No dije nada, su tono podía parecer que estuviera dando una orden pero estaba claro que era una propuesta para que me sintiera bien, creo que se esta preocupando de mi como lo haría un hermano mayor, que ve a su hermana llorando, pasándolo mal por una cosa que no había hecho bien. Me subí sin dudarlo para pasar mis manos por mi pelo, estaba demasiado destrozada, cerré mis ojos apoyándome en el asiento, escuche como se cerro la puerta de golpe y el motor arrancaba.
—Ahora no pienses en nada—me dijo Jamie.
Le mire, estaba demasiado mal, me sentía una idiota al permitir que Martin me usara como me diera la gana, no sabía que hacer, me iba doler demasiado cualquier cosa que pasara esta noche.
Jamie le dijo al conductor que fuera a su hotel pero sentía todo demasiado lejano. No me dolía tanto como creía que em iba doler, me dolía no ser suficiente pero no me dolía que me dejaran de amar, entendía que pudieran dejar de amarme, pero quería saberlo, pero Martin si me amaba, él lo decía en muchas ocasiones, hablando de nuestro futuro juntos, de su futuro en la empresa de mi padre, me dolía no ser suficiente pero no que no me amara, porque me amaba, sabía que lo hacía, debía hacerlo, era su deber como novio amarme.

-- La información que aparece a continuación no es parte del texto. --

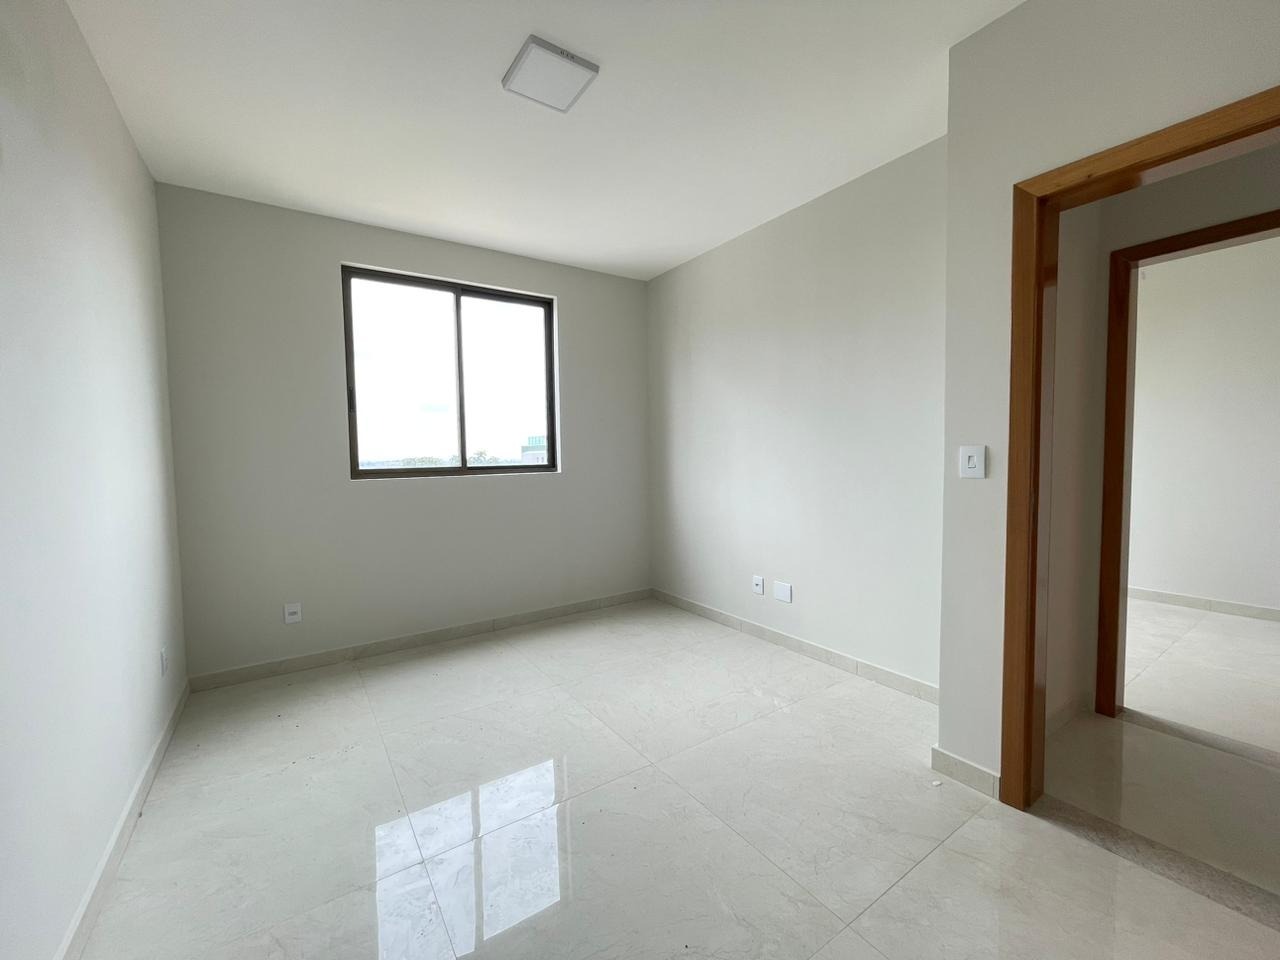 Área privativa à venda no Barreiro: Apartamento à venda, 03 Quartos com suíte - Barreiro/MG

Algo en mi no estaba bien, no me refiero solo al dolor de que me pudiera estar imaginando las mil posturas que Martin estuviera practicando con la chica, que no era culpa de ella, seguro que le fue con engaños, la culpa era mía, solo mía por aceptar esta maldita locura, por aceptar que hiciéramos este trato y por ser como soy, por atraer a la gente a mi y hacer que Martin se sintiera inseguro, si fuera dos kilos más gorda o tuviera granos, el no necesitaría hacer esto, solo me necesitaría a mi.
—¿Estás bien?—me pregunto.
No abrí mis ojos.
—No, no creo que pueda estarlo—le dije.
Jamie se sentó a mi lado y paso su mano por mis hombros, haciendo que me pegara a él, deje que mi cuerpo callera apoyado en su pecho.
—El amor no duele—me dijo.
No dije nada, me quede callada escuchando los latidos de su corazón.
—Es mentira eso de que el amor para que sea bueno tiene que doler, los amores que son sinceros, los amores que son de verdad no deben doler, solo deben ser sencillos, no niego que deba a ver peleas o discusiones pero lo que tu estás viviendo no es amor—me dijo.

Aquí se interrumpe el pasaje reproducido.